Volto a ela neste agosto ronceiro que permite a alguns andar mais devagar. Siza refletia, serenamente, como a idade o fez "reformar-se" das férias agitadas que fazia com os amigos, e como já não vai à praia nem vai nadar porque... tem preguiça. Mas "a preguiça também são férias", concluiu.

Lembro-me, então, da Preguiça moldada em barro por Júlia Ramalho. A artesã de Barcelos deu forma a uma preguiça animalesca, áspera, que interpela e desconcerta - como, aliás, todo o figurado de Barcelos. Uma Preguiça de quatro braços, dois que seguram uma cria, dois que tapam os olhos, como que negando esse cuidar vital (um dos Sete Pecados Capitais em barro vidrado, que vale a pena visitar no Museu de Olaria, em Barcelos).

Procuro-a e olho-a, pensando na frase do Pritzker. E depois em algo que ouvi várias vezes durante parte da vida: não devemos fazer a vontade ao corpo. Muitas vezes queria andar mais devagar (ou mesmo não andar) e ouvia: não se deve fazer a vontade ao corpo. Ou seja, não se deve preguiçar. Podia ser verdade, à força de ser uma mentira repetida muitas vezes. Felizmente não é.

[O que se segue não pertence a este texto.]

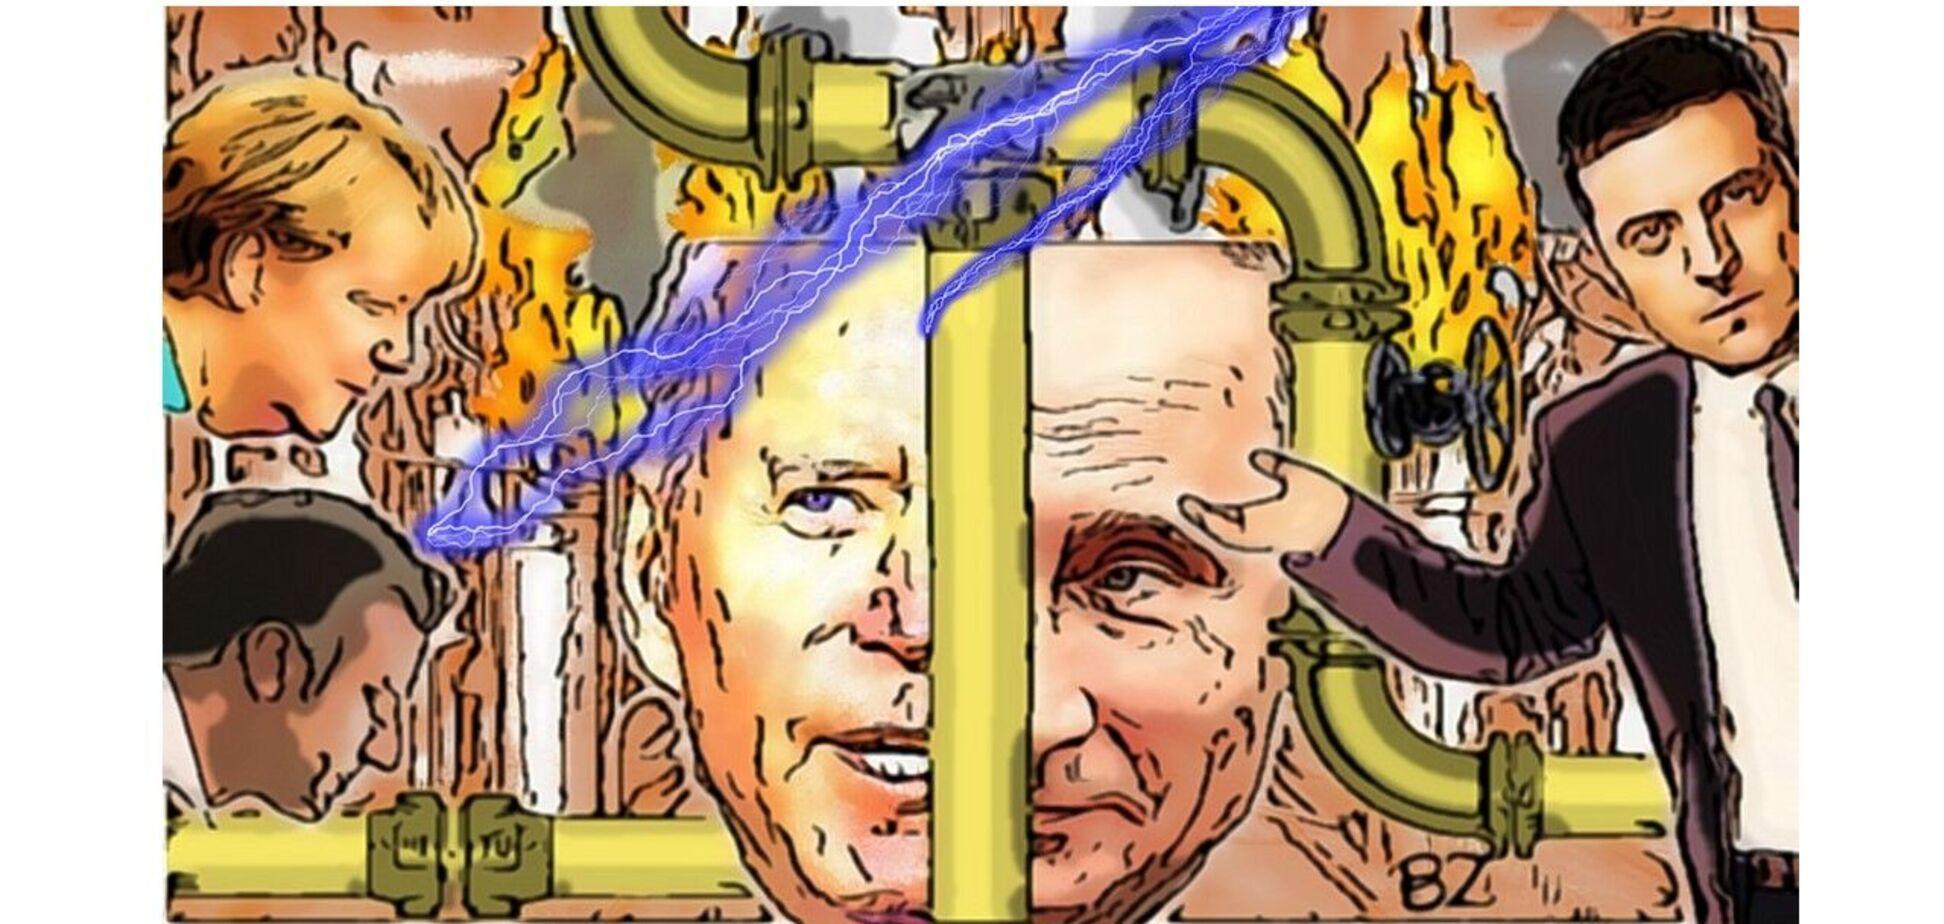 'Северный поток' политического сознания или газовый гамбит?

"A preguiça também são férias." Siza, magistral, desenhou outra das suas esculturas. A preguiça veste linho esvoaçante e deixa o vento despenteá-la.

Estas férias, enquanto boiávamos no oceano, a Alice disse: "Boiar é estar, tipo, só a existir." E preguiçar também pode ser estar, "tipo, só a existir". Será que conseguimos?